Well, I have had two of these so far.

The first I was using to hibernate two of my lizards. It was absolutely fine, keeping the right temperature with no fluctuations (I had a digital thermometer on the inside to monitor this).

However, one day I went to offer them their weekly drops of water and found that my internal thermometer was showing room temperature :gasp: Luckily they were near the end of their hibernation period anyway, so I took them out - but for some unknown reason both the cooling and heating functions had completely packed up.

Cornish Crispa (from where the unit was originally purchased) were very helpful and replaced the unit with no fuss at all. 

The new unit is now incubating a couple of eggs - again, there don't appear to be any fluctuations. I have found that I needed to set the unit temperature at 33C to get an internal temperature reading of approx 29C. But this doesn't matter, so long as the appropriate temps are maintained.

From my experiences, i'm not sure I would buy one solely for incubating eggs. There are plenty of alternatives on the market! But this second unit appears to be working perfectly. My only concern is... for how long?


----------



## Captainmatt29

I have had 2 of these, the first once packed in within a few days however i got mine from swell reptiles and they were more than happy to replace it and we got a nice new one that has been going since February and touch wood is still going.

Already hatched leo eggs  they can hold about 50 leopard gecko eggs if you can get a 2nd plastic shelf mine holds 2 cricket tube on each shelf if you get the extra one or make one you have 2 shelves thats around 50 eggs so good luck.

They wil pack in eventually as do all incubators, but if they do the place you got it from should replace it without an issues..

Personally i like them


----------



## Estranged

I splashed out on 2 of these at the start of the season as my old incubators were, well, old. Gotta say that so far they've been fantastic. 
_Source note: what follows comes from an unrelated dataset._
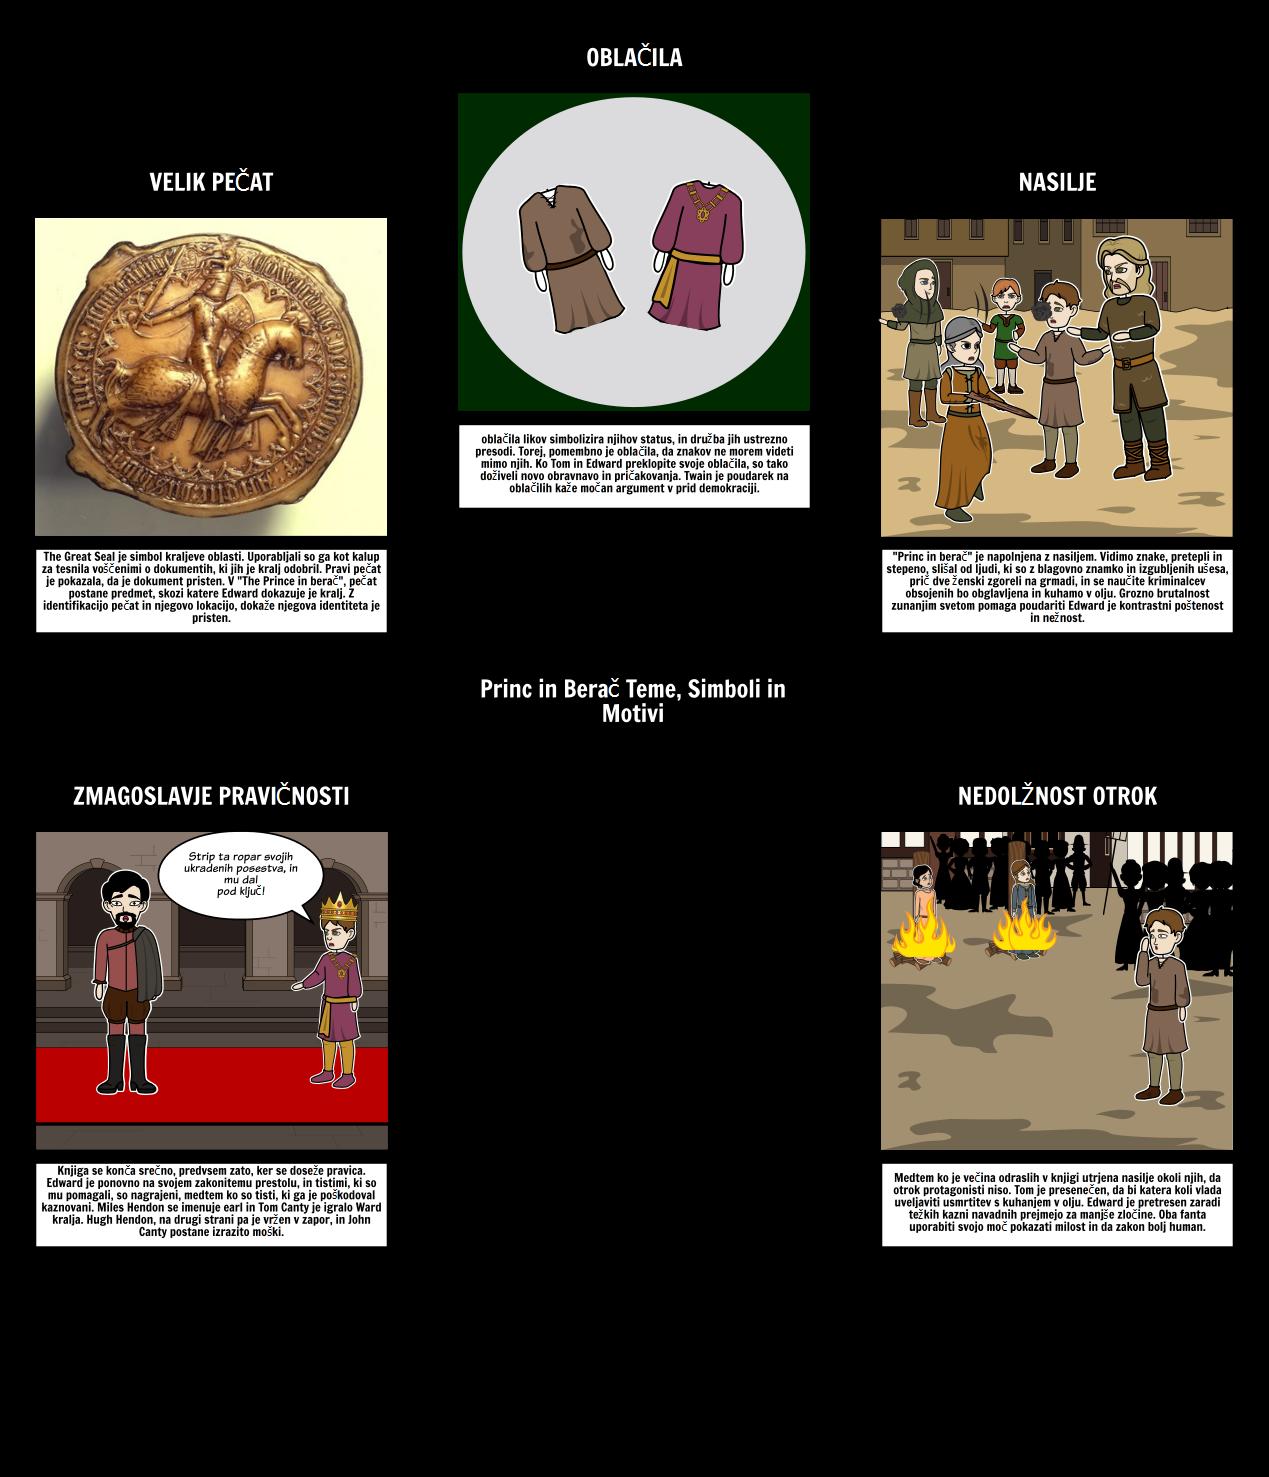 Princ in Berač Teme, Motivi in simboli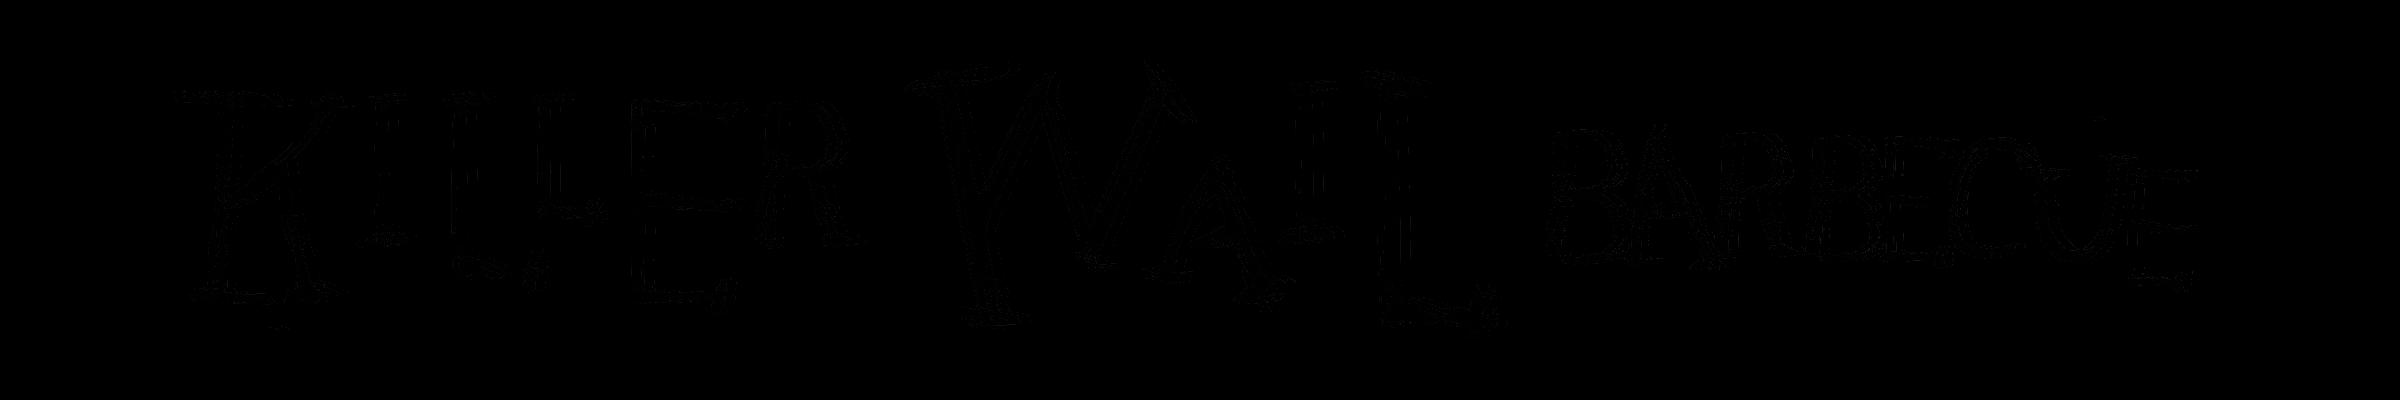 Killer Wail Logo Horizontal

I can see what some have said about size, I've managed to get 3 large Corn clutches in each without any trouble though. 1st clutch has just finished hatching, 100% hatch rate and some beautiful healthy little babies.

I would warn anyone who buys one not to take any notice of the temperature display and use a seperate one as in my experience it's a few degrees cooler inside the incubator than idicated on the display.


----------